Alen se levantó antes del amanecer, cuando las estrellas aún brillaban en el cielo nocturno. Preparó algo de té y sacó pan del horno. Era un día caluroso de verano de 1790. La brisa suave llevaba el aroma de las flores de jazmín y el canto de los pájaros llenaba el aire. Mientras se vestía con su ropa de lino blanco y su chaleco negro, recordó la promesa que había hecho a su madre, Denissa, antes de su partida. Había prometido cuidar de la vaca Tormenta, que pastaba en su casa ya no tan familiar, y crear un lago para los patos que su madre siempre había deseado.
Alen salió del jardín, el alba comenzaba, contempló el lago que había construido con sus propias manos. Los patos nadaban tranquilamente en el agua cristalina, rodeados de flores de loto y nenúfares. La vaca Tormenta pastaba en la distancia, bajo el sol naciente que iluminaba las colinas y los viñedos de la hacienda. El sonido del agua corriendo y los patos nadando eran por un momento un bálsamo para su alma.
Pero su tranquilidad se vio interrumpida por el sonido de campanas a lo lejos, que llamaban a reunión en la plaza del pueblo. La viruela había llegado al lugar con tanta fuerza que los aldeanos necesitaban ayuda constante. Alen, con su conocimiento de medicina y su compromiso con la comunidad, no podía ignorar el llamado, él, en carne propia había sufrido la perdida. Además, era mejor ocupar su mente que sucumbir en la soledad y la tristeza. Se guardó su reloj de bolsillo y se dirigió hacia el pueblo, listo para enfrentar el desafío que se avecinaba.

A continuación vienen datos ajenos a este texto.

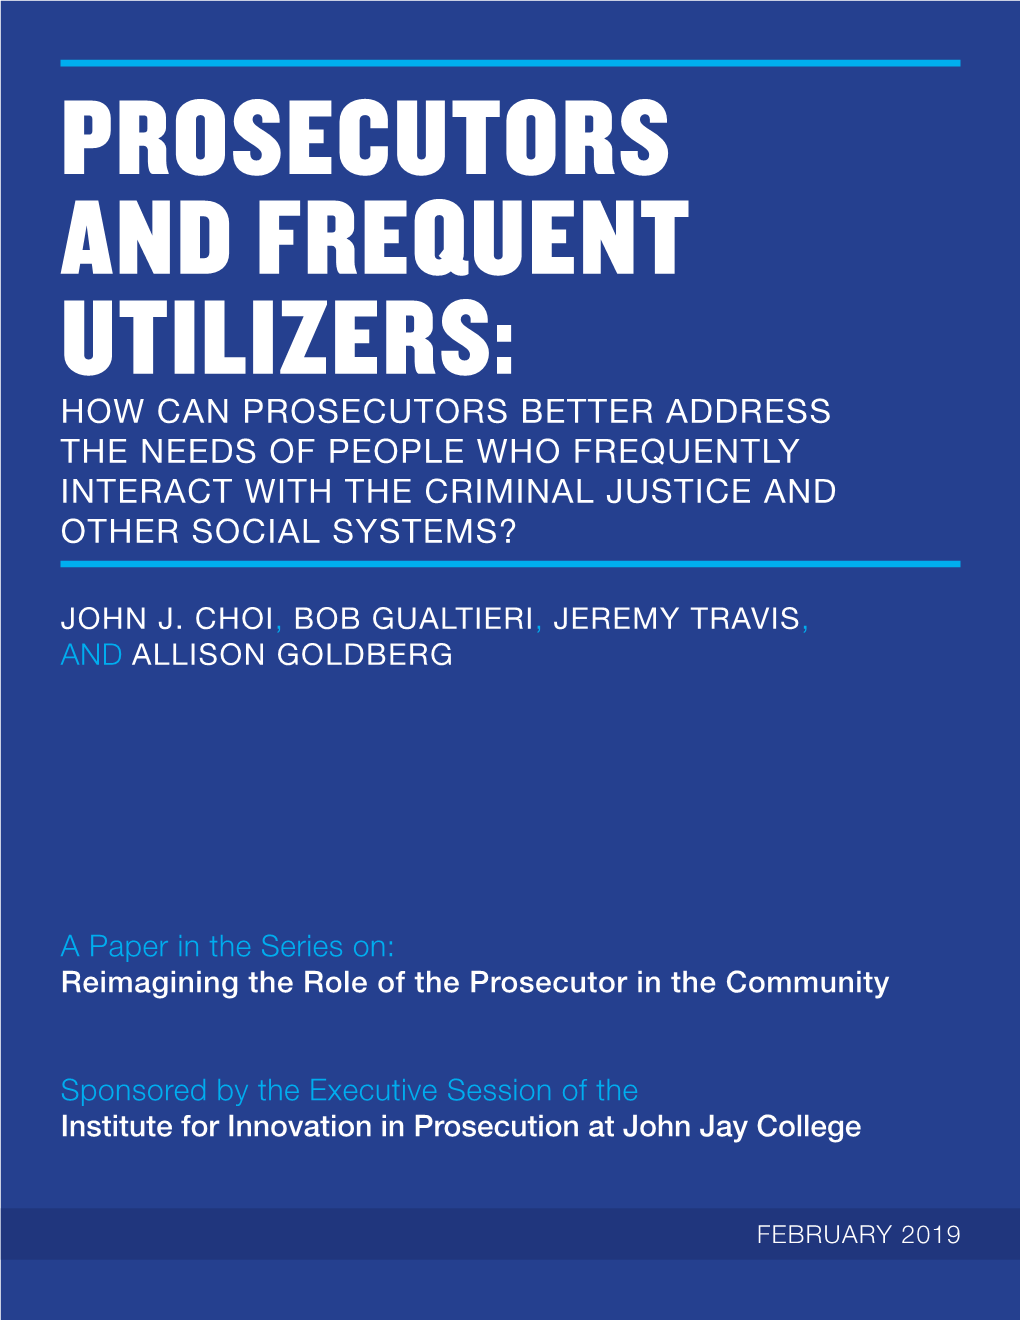 Prosecutors and Frequent Utilizers: How Can Prosecutors Better Address the Needs of People Who Frequently Interact with the Criminal Justice and Other Social Systems?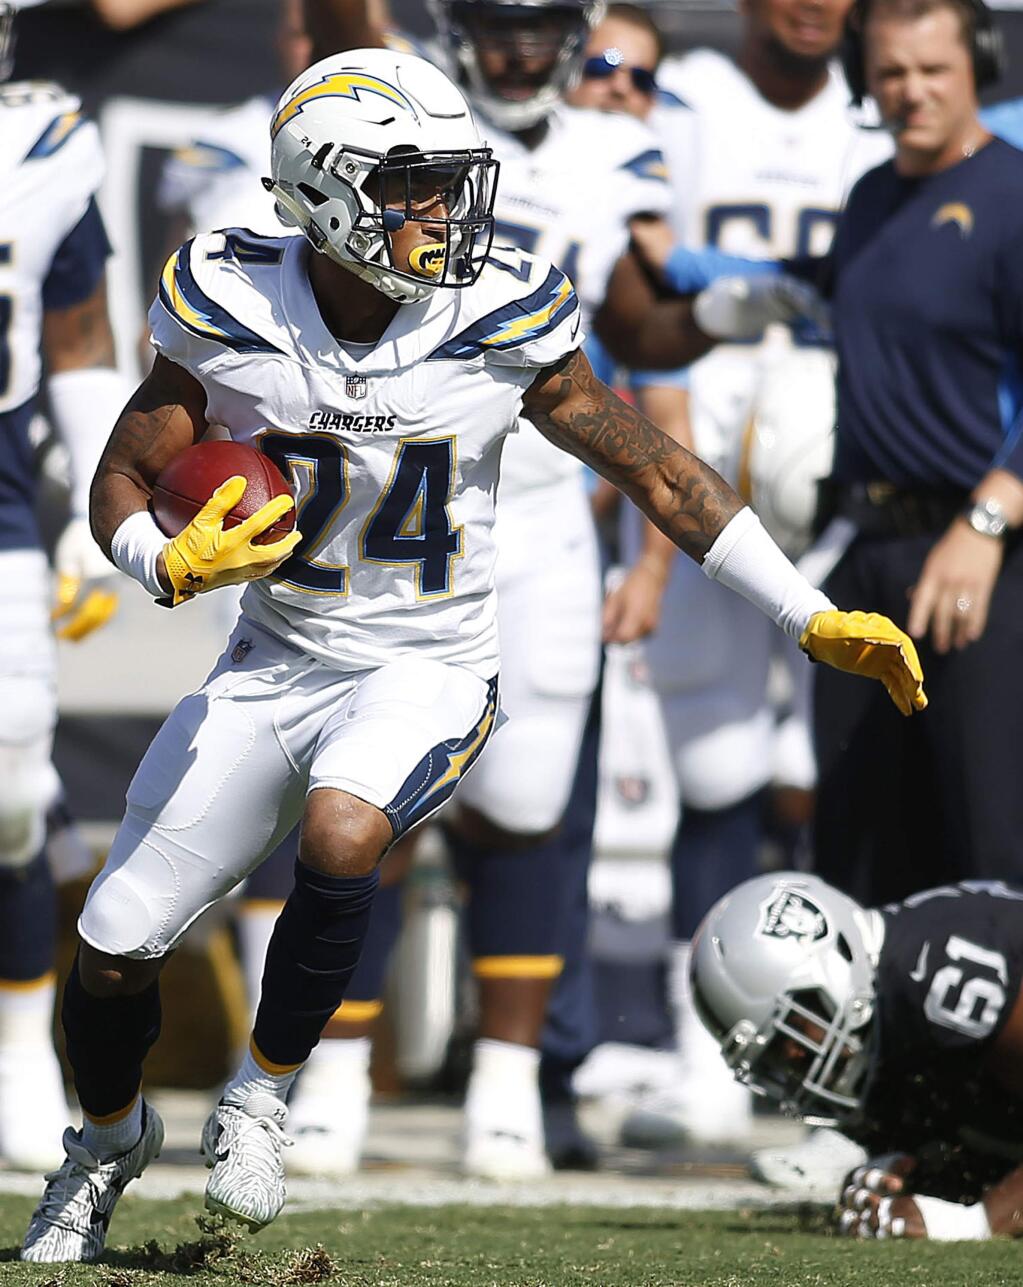 Los Angeles Chargers cornerback Trevor Williams (24) runs after intercepting a pass against the Oakland Raiders during the first half of an NFL football game in Oakland, Calif., Sunday, Oct. 15, 2017. (AP Photo/D. Ross Cameron)

Mientras caminaba por las calles empedradas, Alen notó la preocupación en los rostros de los aldeanos. Las ventanas estaban cerradas, y las puertas estaban selladas con cruces de carbón. El aire estaba lleno de incienso y oraciones.
Al llegar a la plaza, vio al cura del pueblo, Padre Miguel, y al alcalde, Don Pedro, hablando con un grupo de hombres. Los rostros estaban serios, y las voces eran bajas. Alen se acercó y escuchó la conversación.
—Necesitamos que todo el que pueda nos ayude a cuidar a los enfermos —dijo el cura—. La viruela se está extendiendo rápidamente.
—Yo estoy dispuesto a ayudar —dijo Alen, adelantándose.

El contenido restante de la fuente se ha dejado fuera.